* EXERCISE INSTRUCTIONS
Your task is to copy exactly the lines from the line containing "Headshot of Geet Shah" through the end of the listing below, with pictures left out.

* DATASET EXCERPT
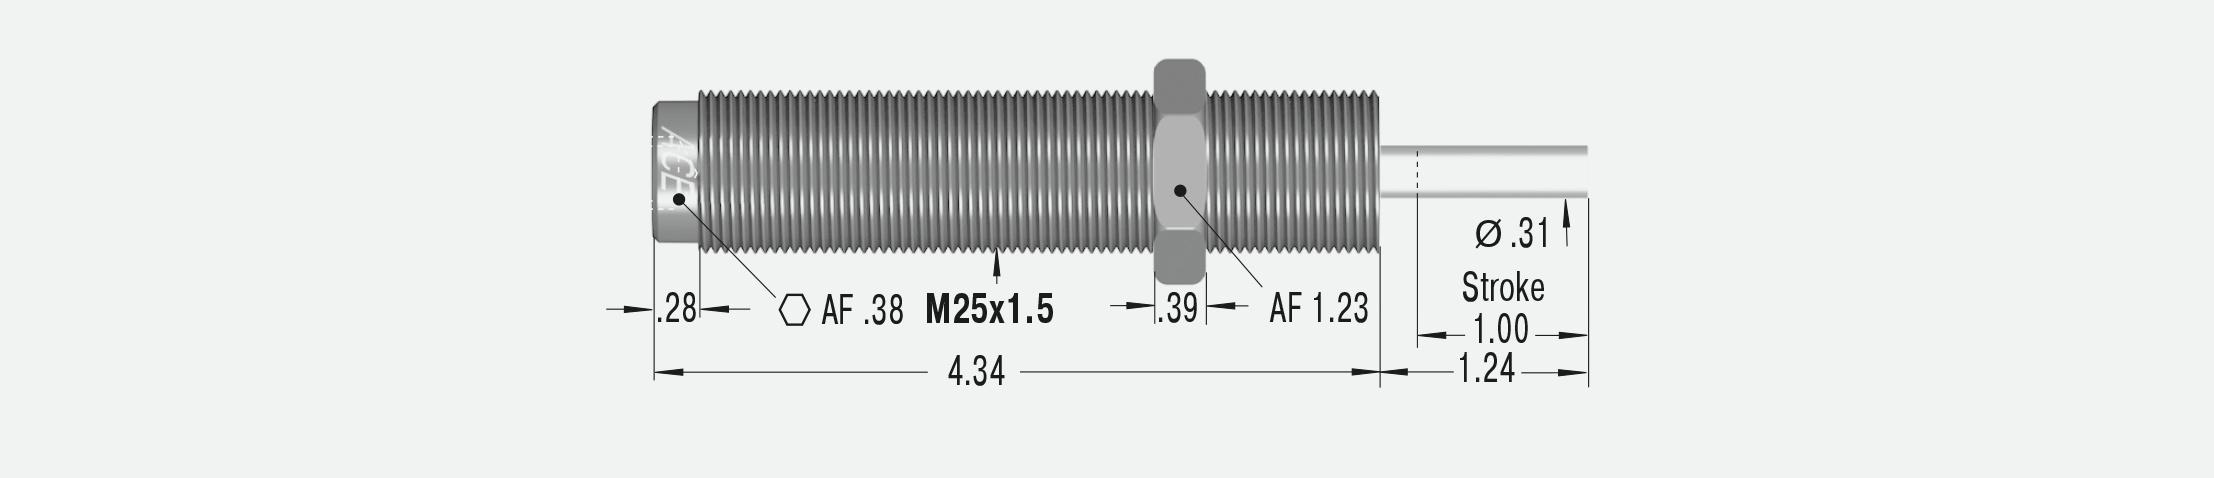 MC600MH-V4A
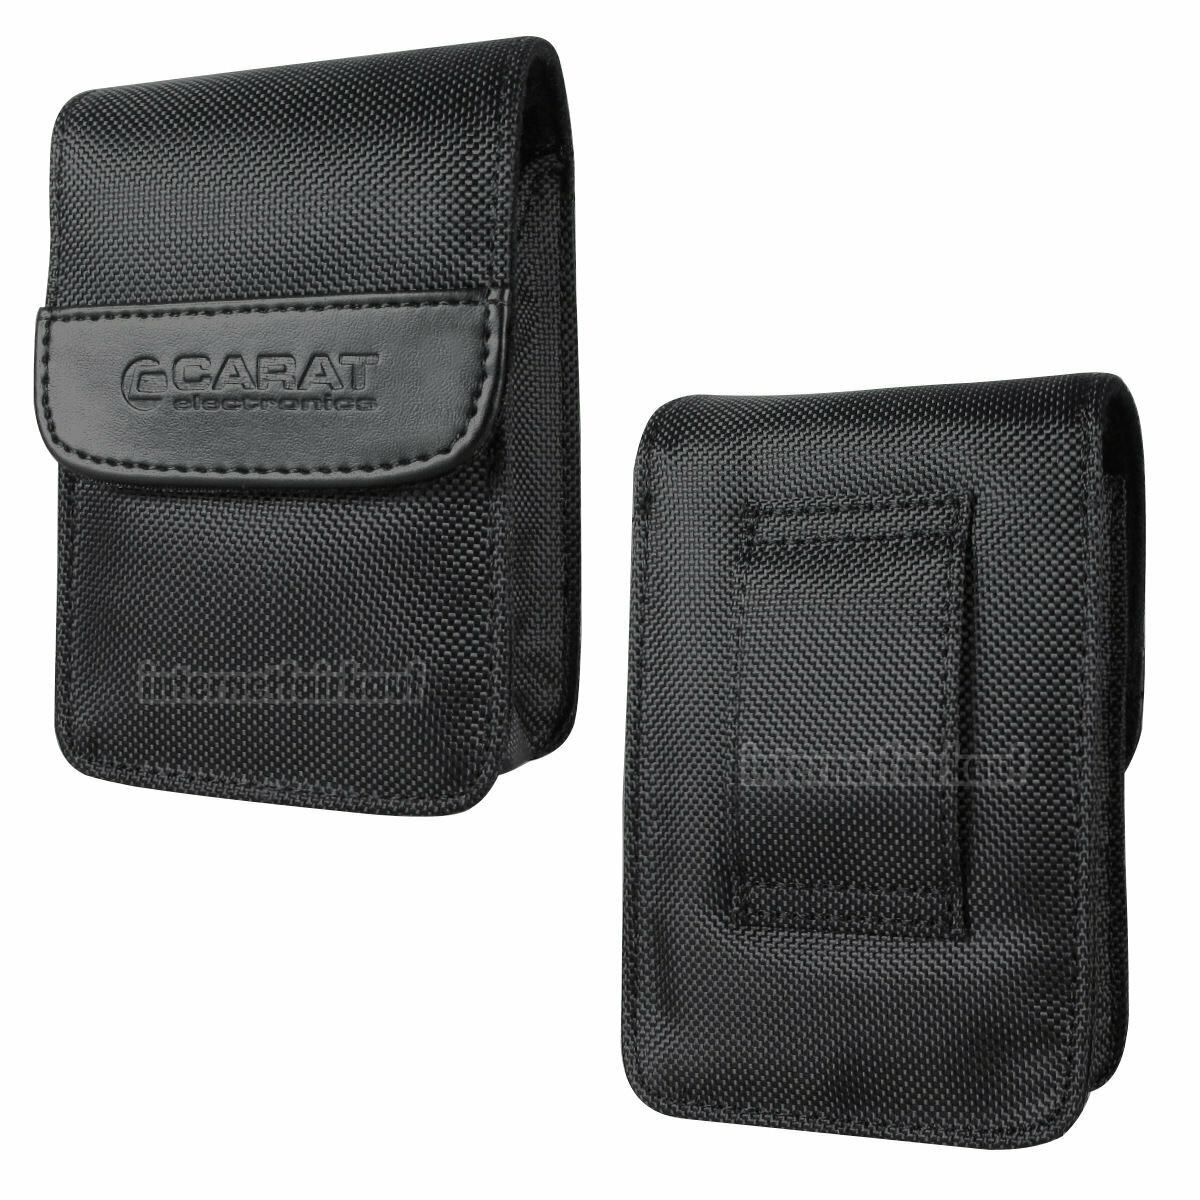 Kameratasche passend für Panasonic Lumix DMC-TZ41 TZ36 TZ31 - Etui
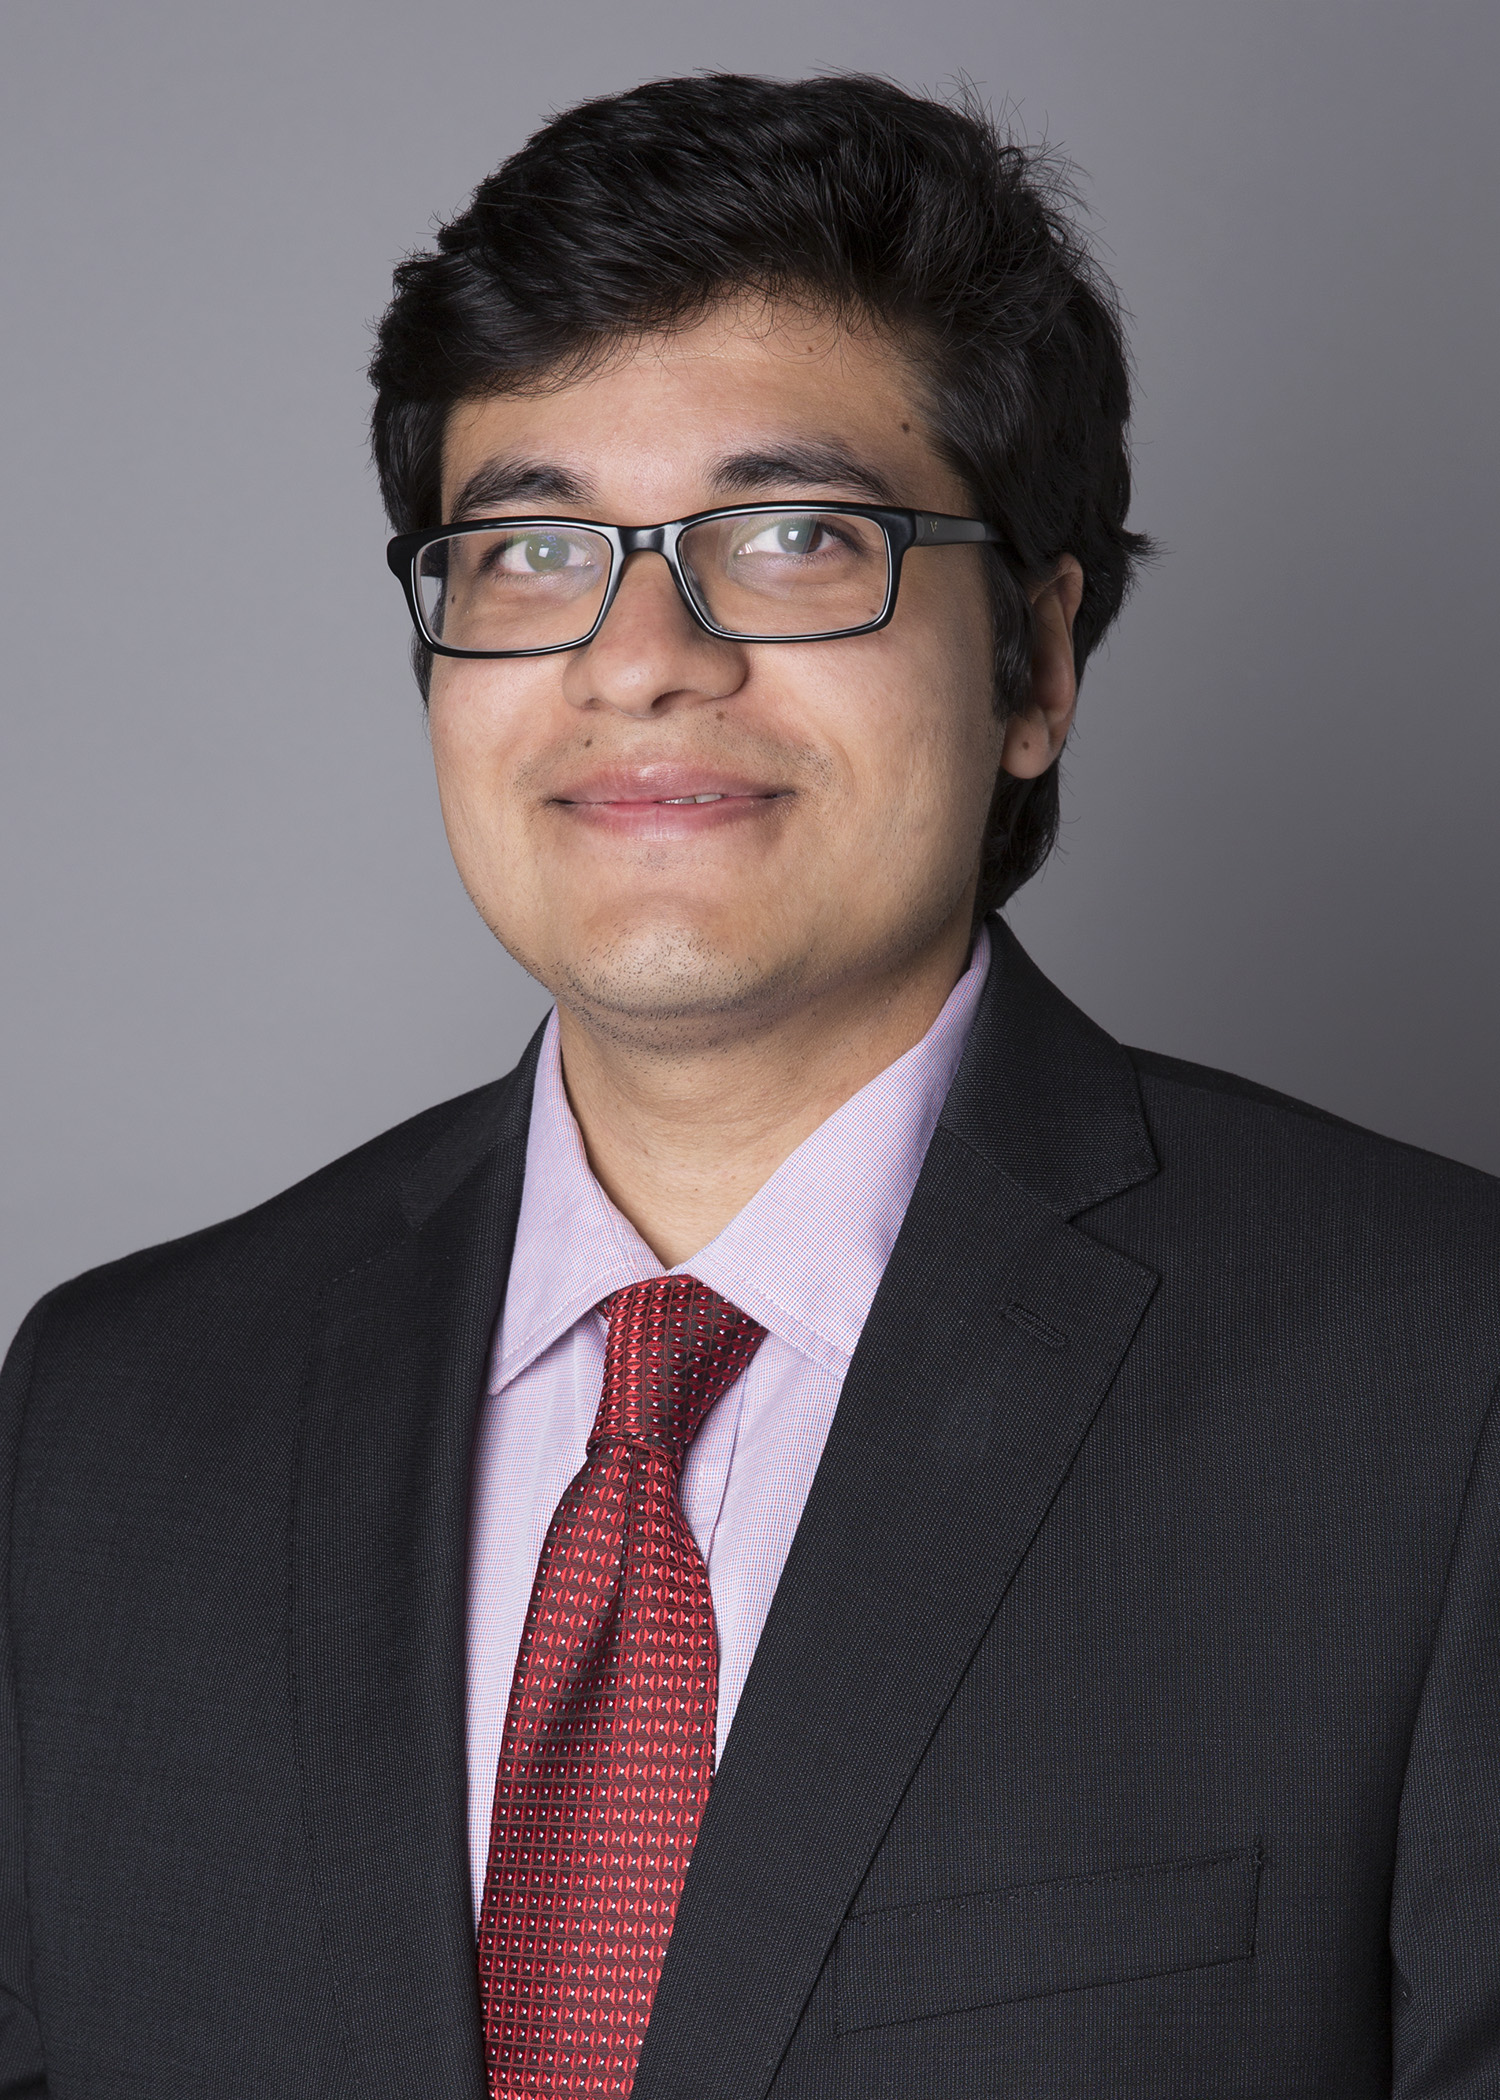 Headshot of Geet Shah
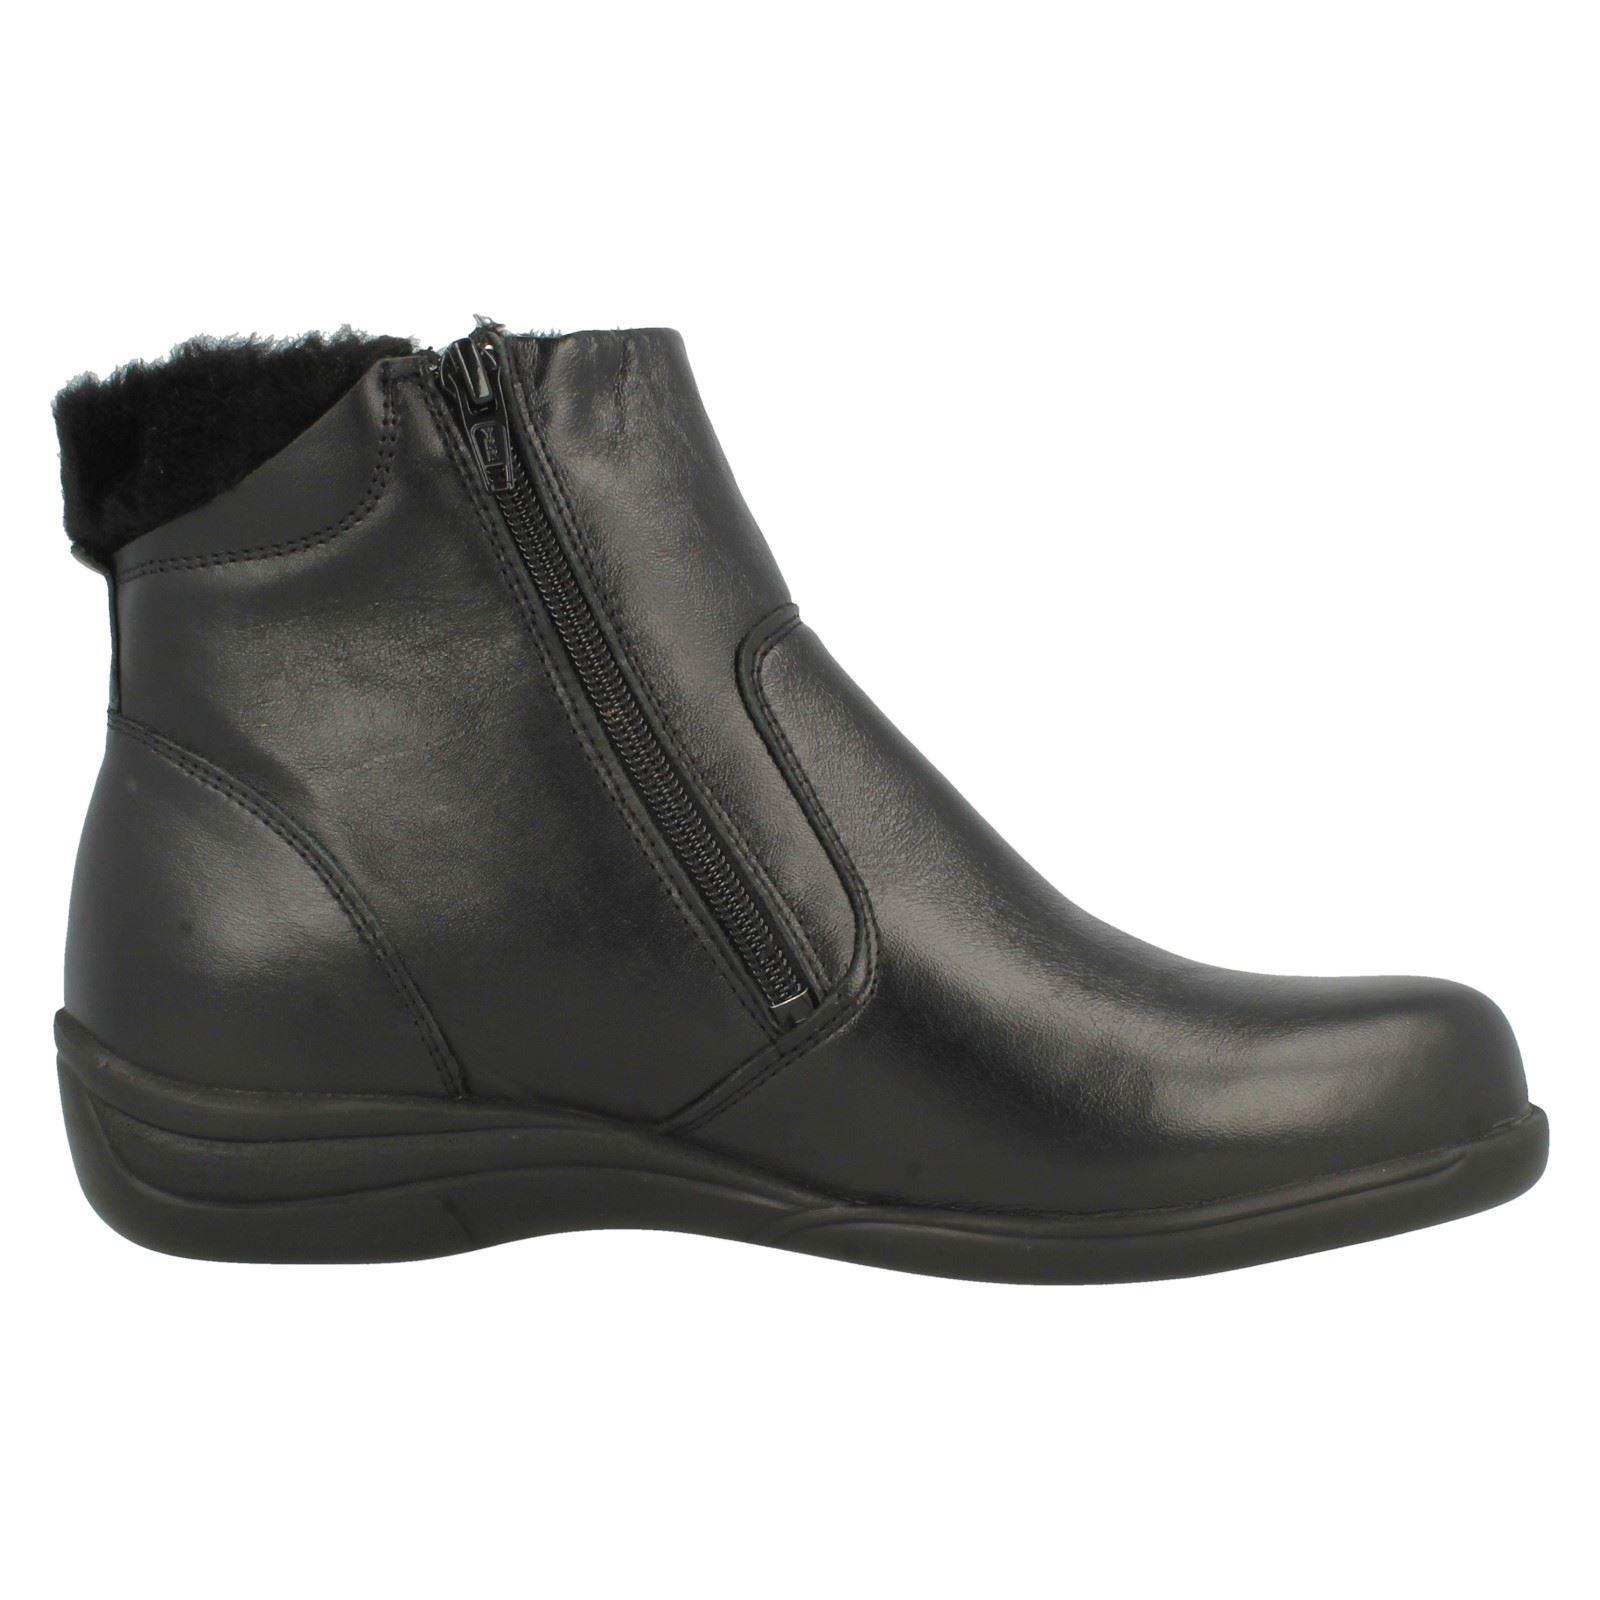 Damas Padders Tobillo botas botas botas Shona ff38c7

* WRITTEN ANSWER
 Headshot of Geet Shah
 Damas Padders Tobillo botas botas botas Shona ff38c7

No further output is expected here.